The collaborative also hopes to connect families with social services to address issues such as  homelessness, poverty and hunger that can affect education. 

The agency has $10 million to spend courtesy of the state budget.

Here’s the timeline of the planning year, as discussed in Tuesday’s meeting:

October

  • Program budget
  • Contracts with partners
  • Recruitment 

Both the operational budget and budget for school programs are expected to be voted on and approved in the council’s Oct. 17 meeting. 

Burgos said that gives the council time to further assess the needs of schools and be accurate in creating programs that will work.

“This cannot be guesswork,” Burgos said. “We need to be fiscally responsible and anticipate what we’re going to need throughout the year.”

The council is working with partners Delaware State University on a $160,000 contract and Empower Schools on a $140,000 contract.

RELATED: Learning Collab hires DSU, Empower Schools to manage projects 

Both groups will help with project management.

DSU is expected to focus on four main areas: project design, strategic advising, technical assistance and implementation.

Empower Schools, which has worked in 10 different states, is expected to help with governance systems, landscape analysis, liaison development, board support and more.

“Both have been here since the onset of this journey,” Burgos said. “I want to be very clear around creating a scope of work for our partnership for the remainder of this academic year.”

The last key element of October is recruitment of four essential roles: a senior administrative assistant, a director of operations, a director of educator pathways and a director of instructional infrastructure.

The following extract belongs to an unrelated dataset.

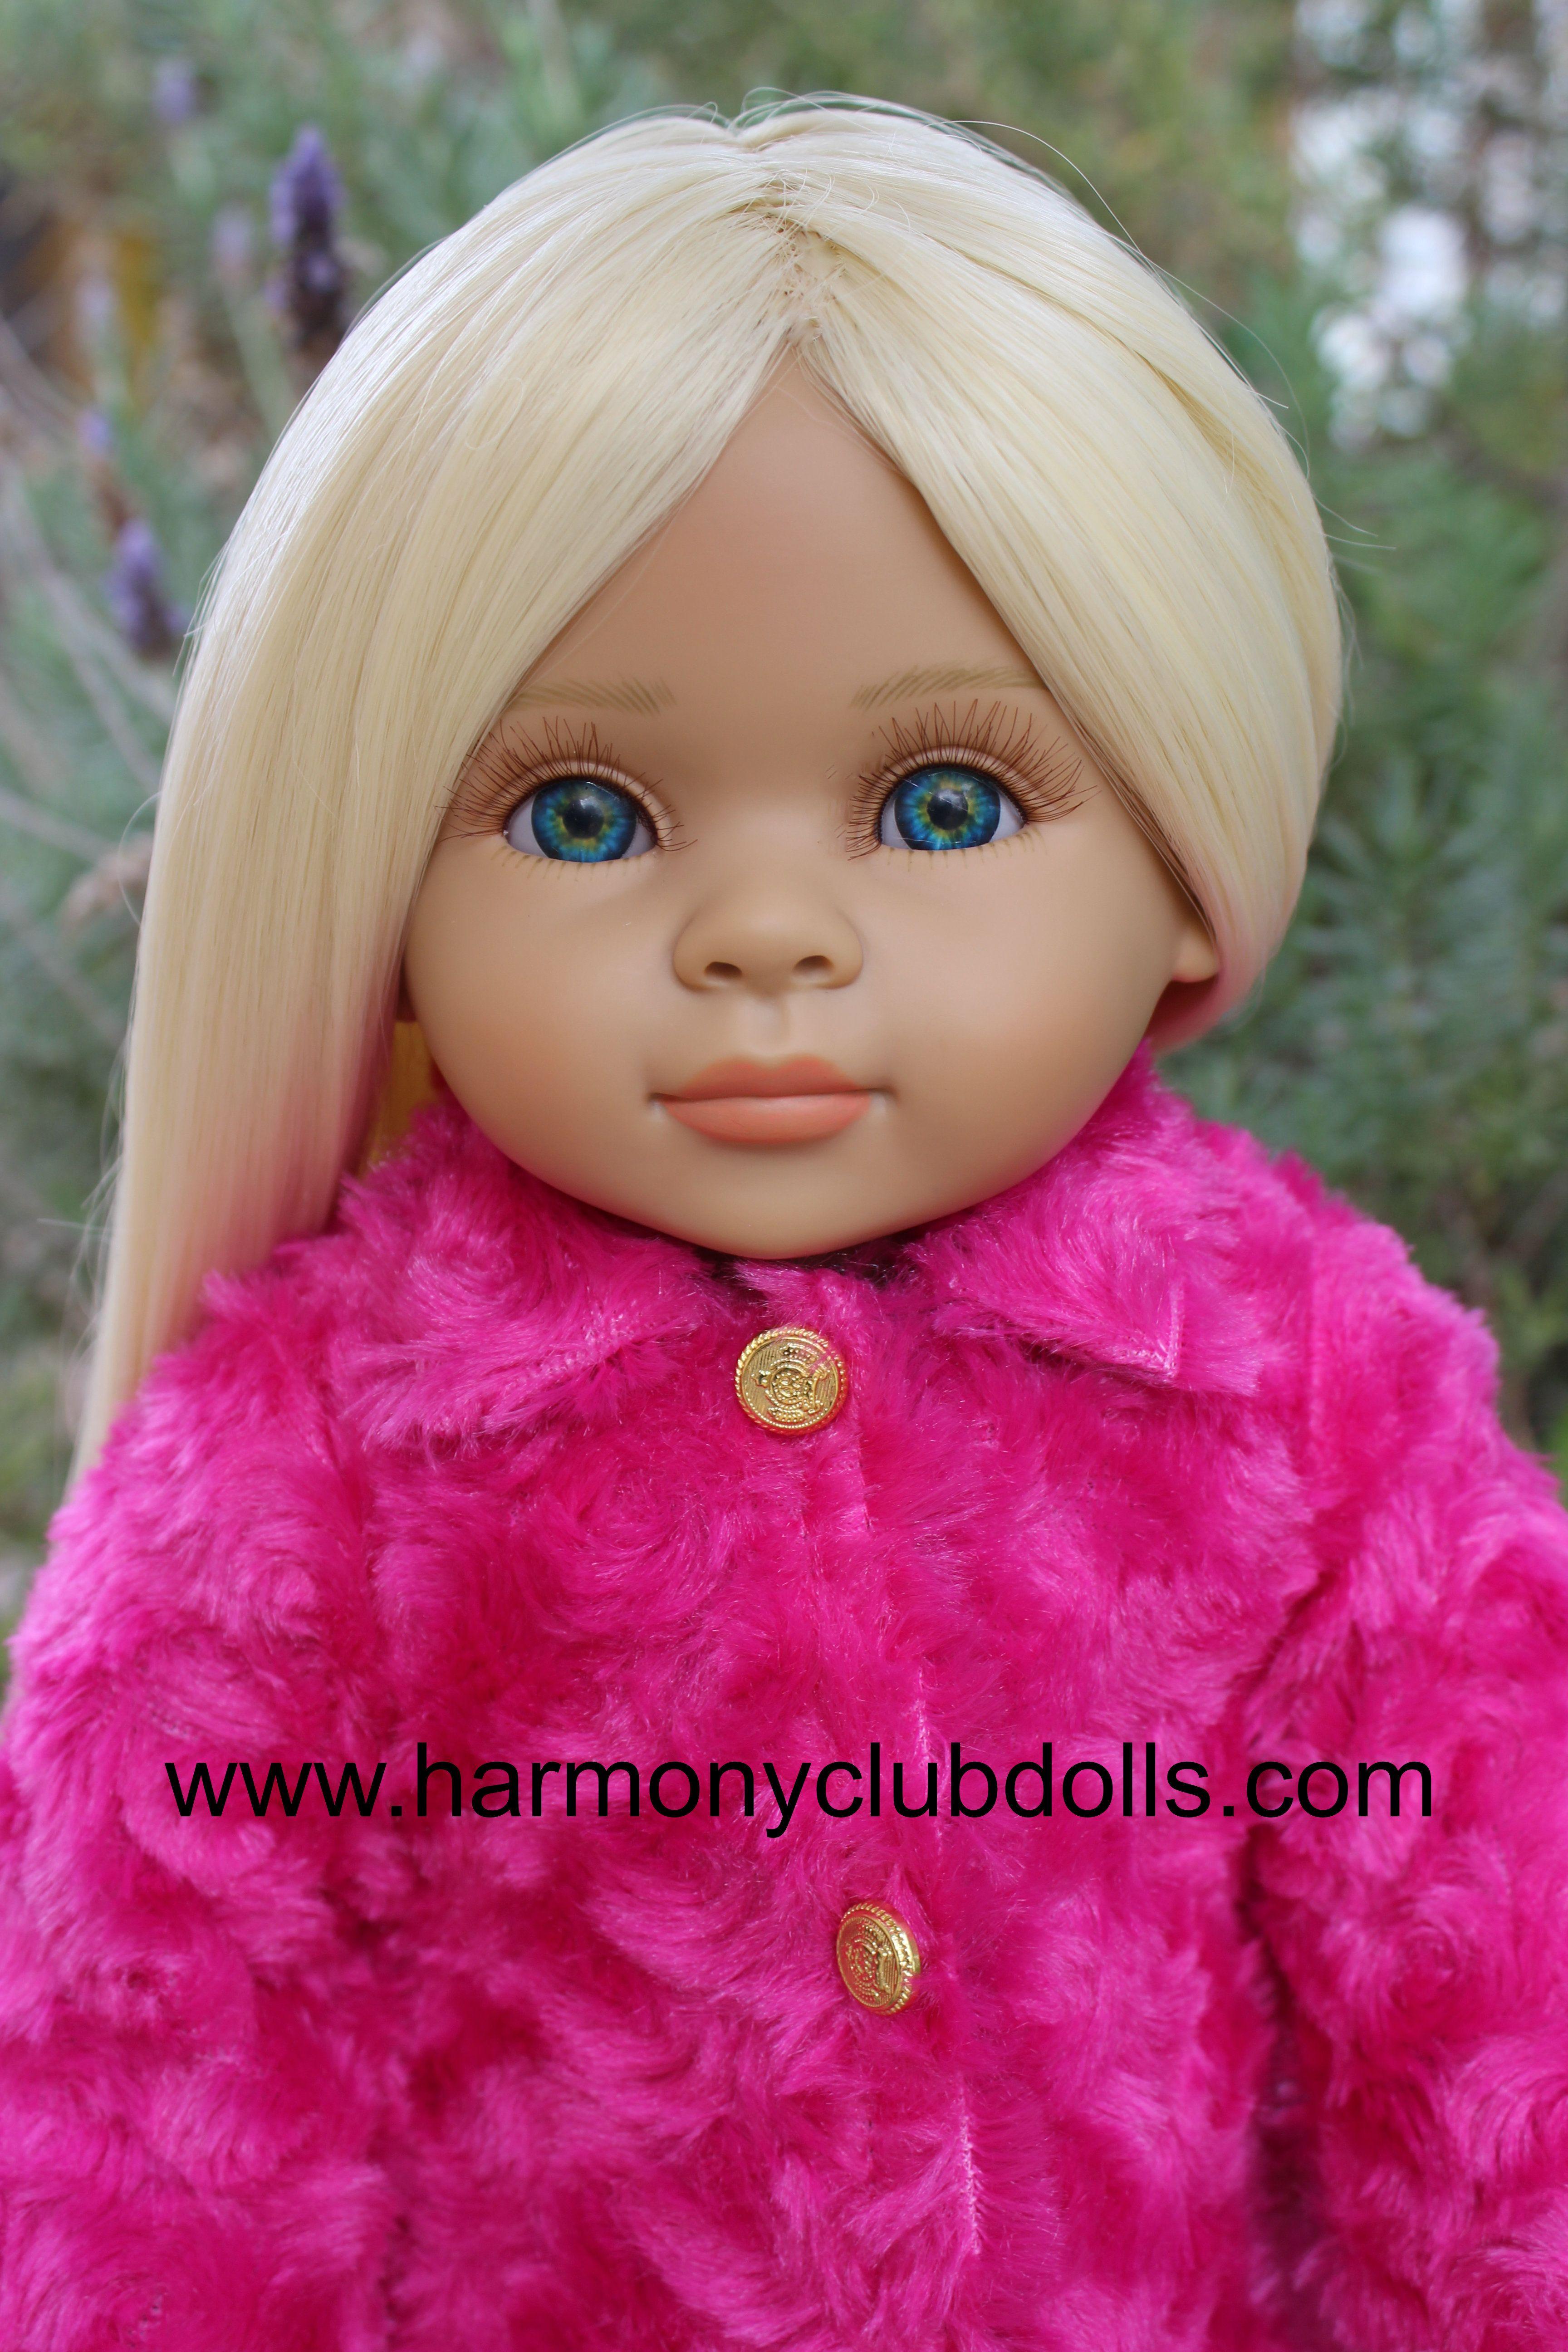 HARMONY CLUB DOLLS. Visit over 300 styles to fit American Girl dolls www.harmonyclubdolls.com
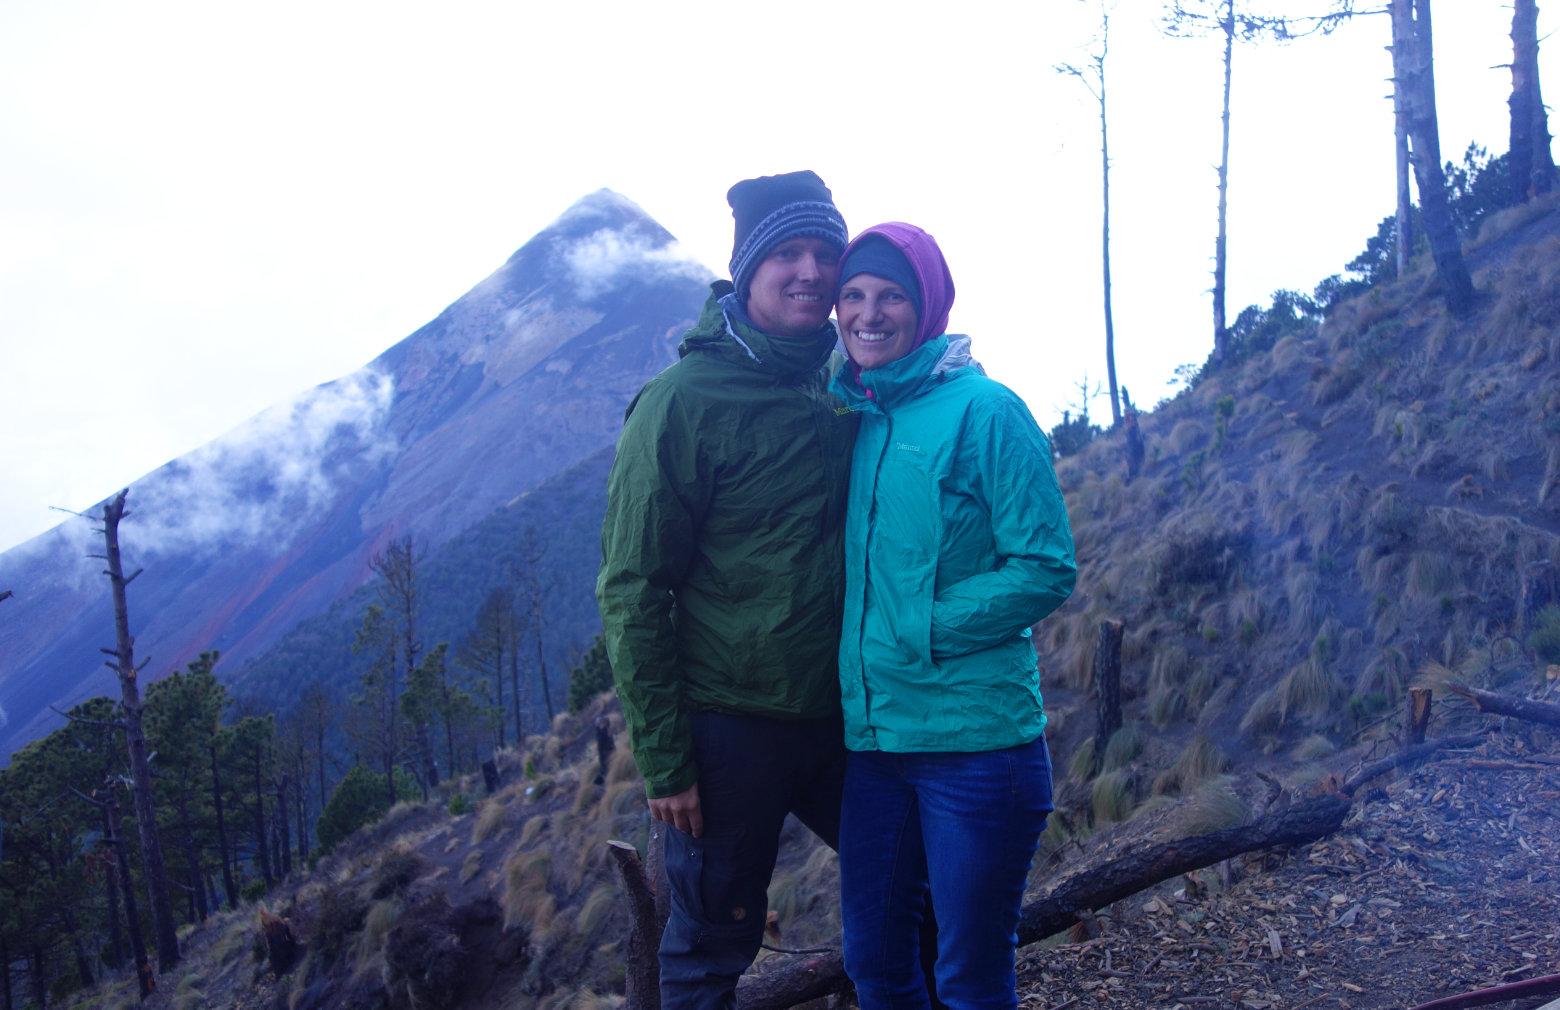 Antigua Vulkan Wanderung Paar

Burgos also said she wants to begin the process of conducting a landscape analysis for all nine schools, which will outline the strengths, resources and needs of each. 

“We need some shared understanding, a common knowledge and a common barometer, as far as where we are in certain areas and where we need to go and how we’re going to get there.”

December

  • Landscape analysis concludes
  • Onboarding of the new hires

February ‘24

  • Professional development plan based off landscape analysis
  • Launch of WLC website

“The landscape analysis and the findings and recommendations should inform a professional development plan,” Burgos said. “What will spring, summer and fall look like? What are those core needs? What is the landscape analysis charging us to do and how are we going to align across the nine schools?”

The learning collaborative plans to ramp up its online presence, including establishing social media pages and a one-stop-shop website for all things related to the agency. 

“This could be the WLC hub where everything lives,” Burgos said. “What our schools are up to, the profiles of our schools, how to get in touch, how to be a part of the work. This is going to be a very interactive website.”

March ‘24

  • Resource allocations for the 2024-2025 school year

“We should already be ahead of the game and know how we’re going to allocate our resources for the next fiscal year,” Burgos said. “We should not be where we are right now, trying to figure out how we’re going to invest our resources for the rest of the year. We should have already made those decisions with school leaders and district teams.”

Spring/Summer ‘24

  • Plan implementation
  • Rollout of WLC school performance framework

“This is going to be an extension of the current Delaware framework with a few more metrics that we really want to hone in on for our schools,” Burgos said, “and again, this will be determined in collaboration with our schools.”